# Alright NT's, I need your help on this one!



## teddy564339 (Jun 23, 2010)

A while back I mentioned the whole MBTI thing on another forum (the forum wasn't personality related at all...I just talked about it in the off topic section). Most people seemed mildly interested in it, but one person seemed very against it. From what I know of him, he's very intelligent, extremely knowledgeable (especially in the areas of science and politics), and very good at arguing. He struck me very much as an NT.

Here's what he said:




> I never really paid too much attention to the whole Myers Briggs thing, but feeling a little curious, I looked in to it. The whole thing just seems like a sham to me. Smacks of astrology all the way. According to wikipedia (and the first page of google results for 'myers briggs double blind'), this thing has never been double-blind tested. The only validation it has right now is people filling out tests, looking at the results and thinking "hey, that describes me!". Problem is, the Forer Effect (also known as the Barnum Effect) causes people to kinda shoehorn any personality test to fit them. Doesn't matter if it's astrology, graphology, handwriting analysis, or some other stuff someone has thrown together.
> 
> James Randi has a rather famous experiment where he concocts some new personality test. Doesn't matter what it is - picking random words from a list, drawing your favorite animal, throwing noodles at a wall, could be anything. Then, come up with a result that is slightly kinda vague and around 75% of people will say that the 'personality type' you've come up with fits them pretty well.
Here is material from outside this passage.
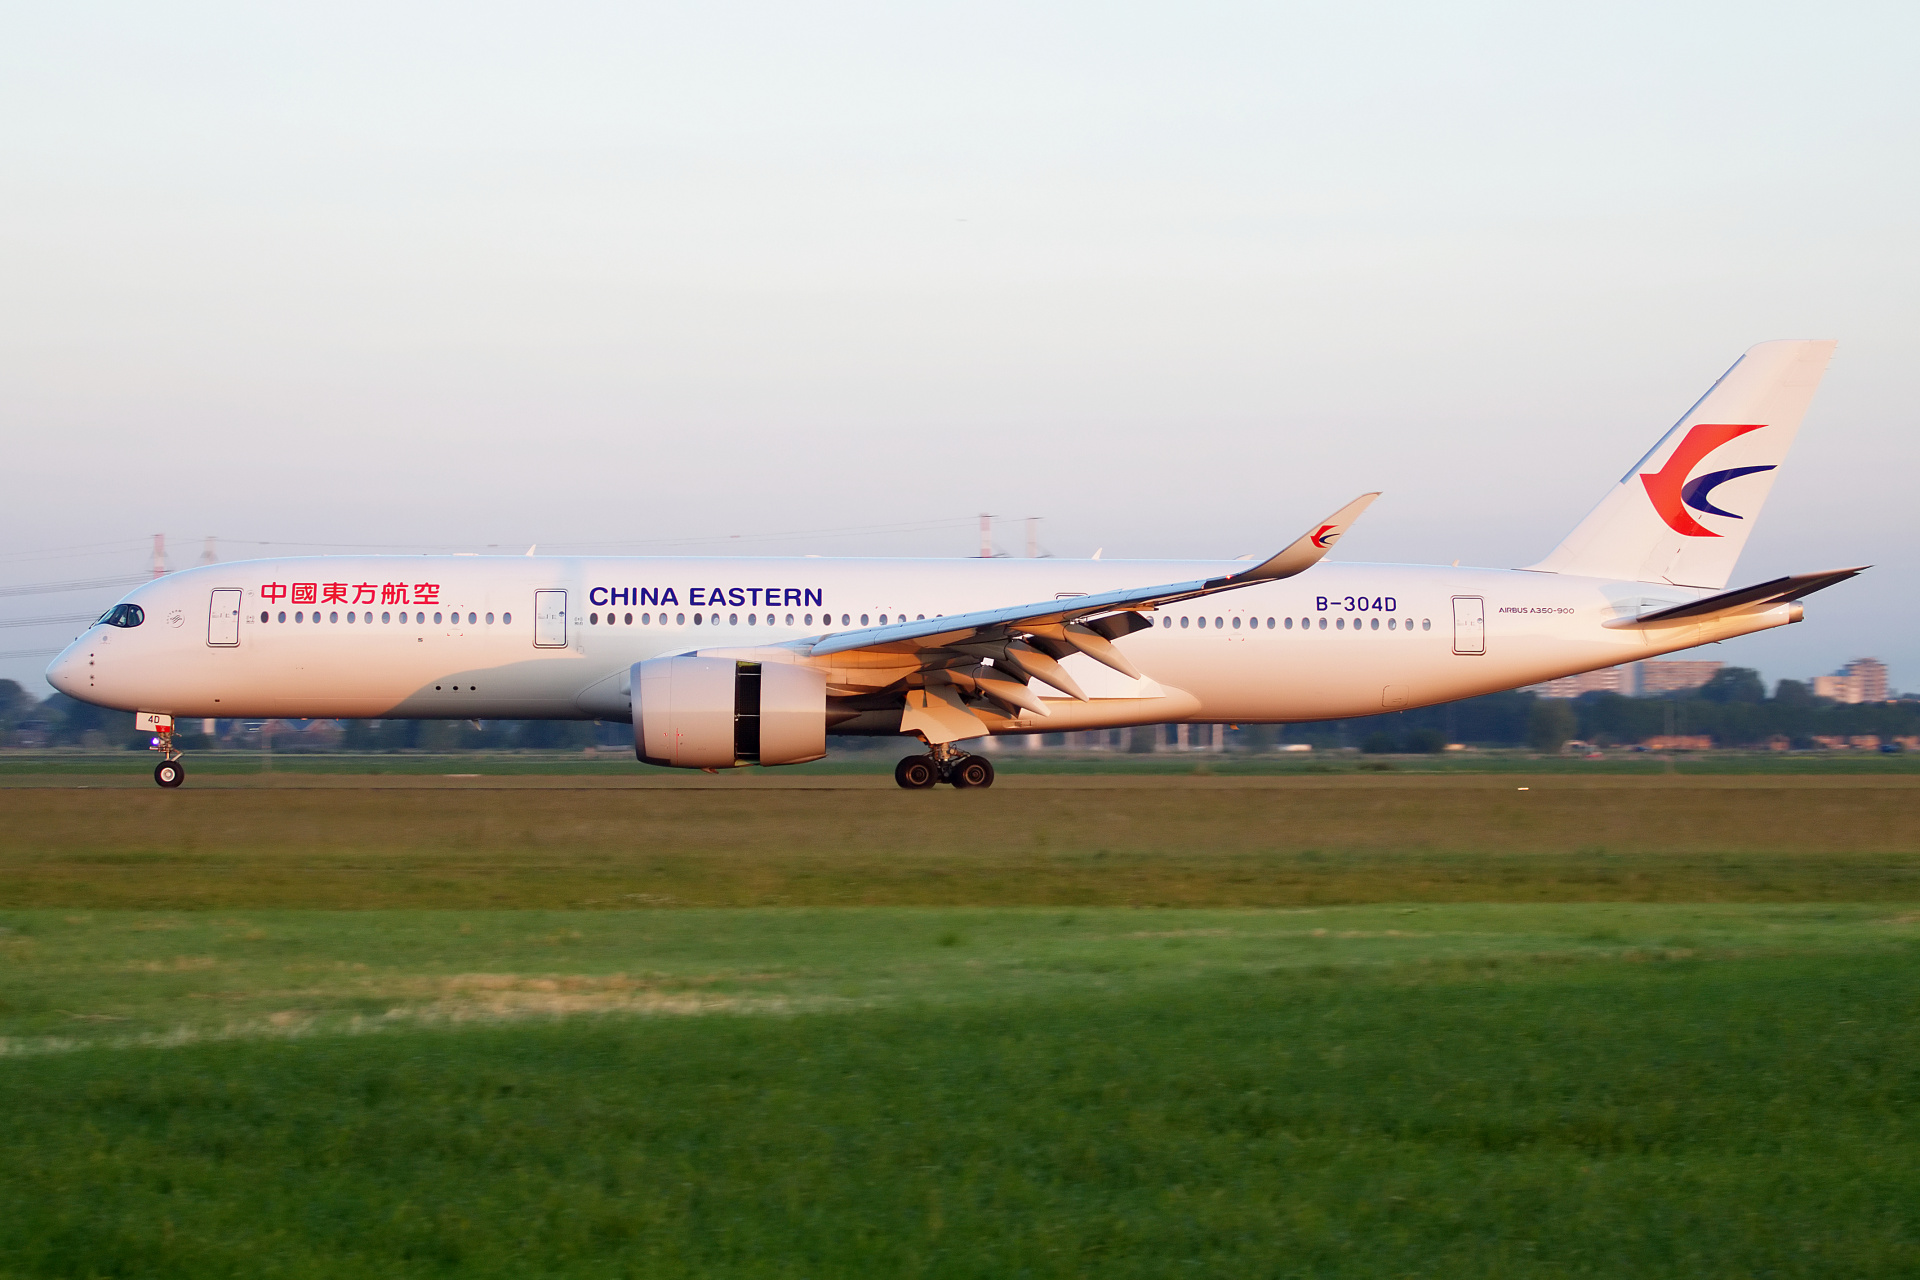 B-304D, China Eastern Airlines (Samoloty » Spotting na Schiphol » Airbus A350-900)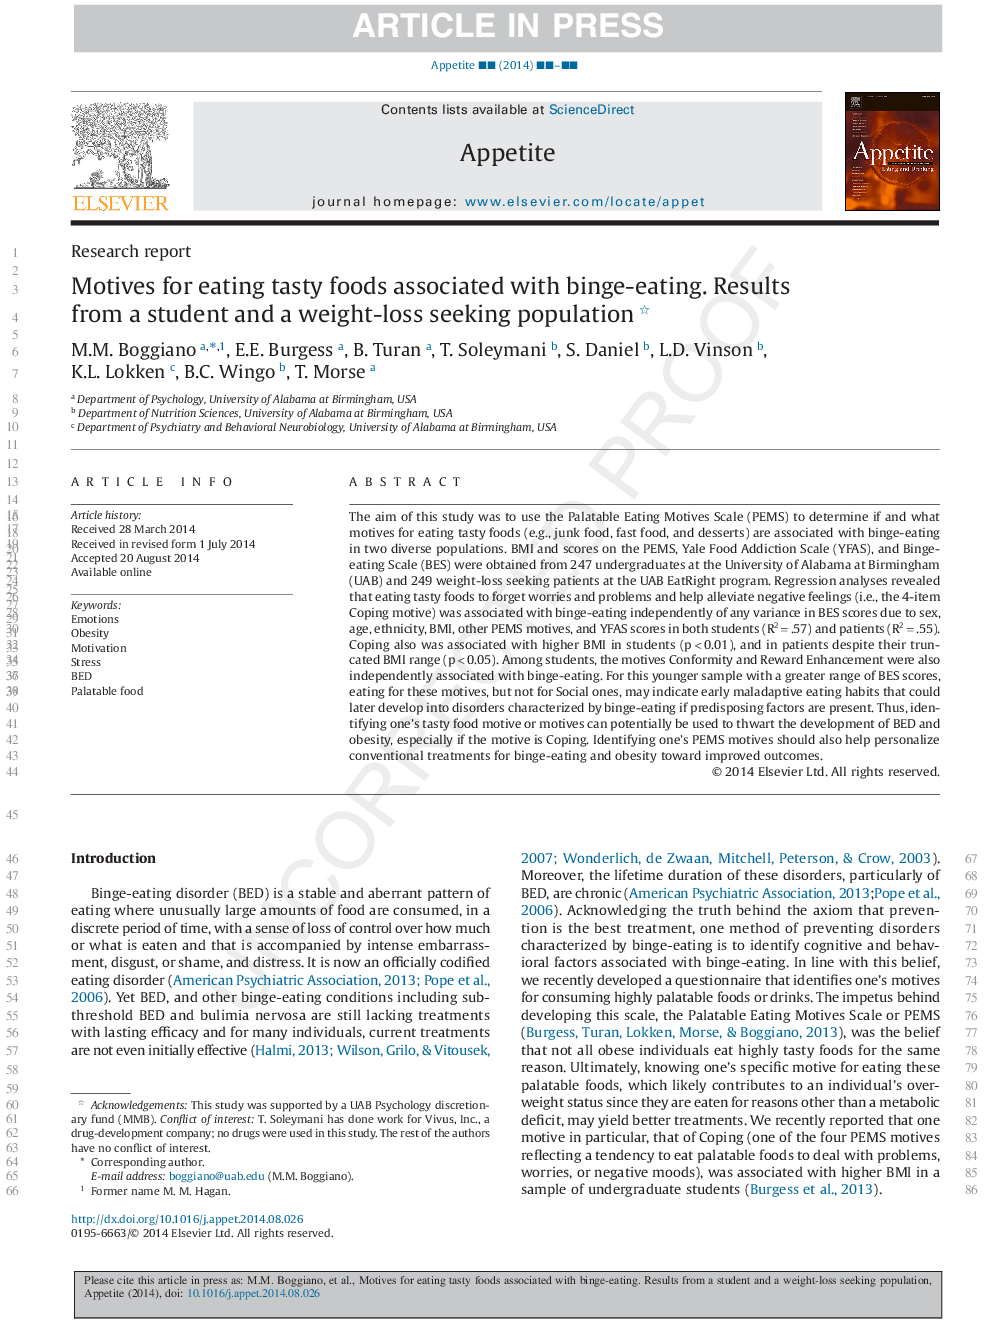 Motives for eating tasty foods associated with binge-eating. Results from a student and a weight-loss seeking population

He also posted this link and said that it summarized why he thought the whole MBTI thing was garbage.

Myers-Briggs Type Indicator - The Skeptic's Dictionary - Skepdic.com


Me being the timid ISFJ that I am, I didn't want to engage him in a conversation about it on a public forum, so I never really responded. But it always bothered me that I couldn't really come up with a convincing explanation of the validity of the whole thing. It bothered me for a while, especially because the MBTI has been so helpful to me, and I hated the notion of me just deceiving myself the whole time. But since it was making me happy, I kind of just blocked out those thoughts and kept using it since it is quite helpful in my life.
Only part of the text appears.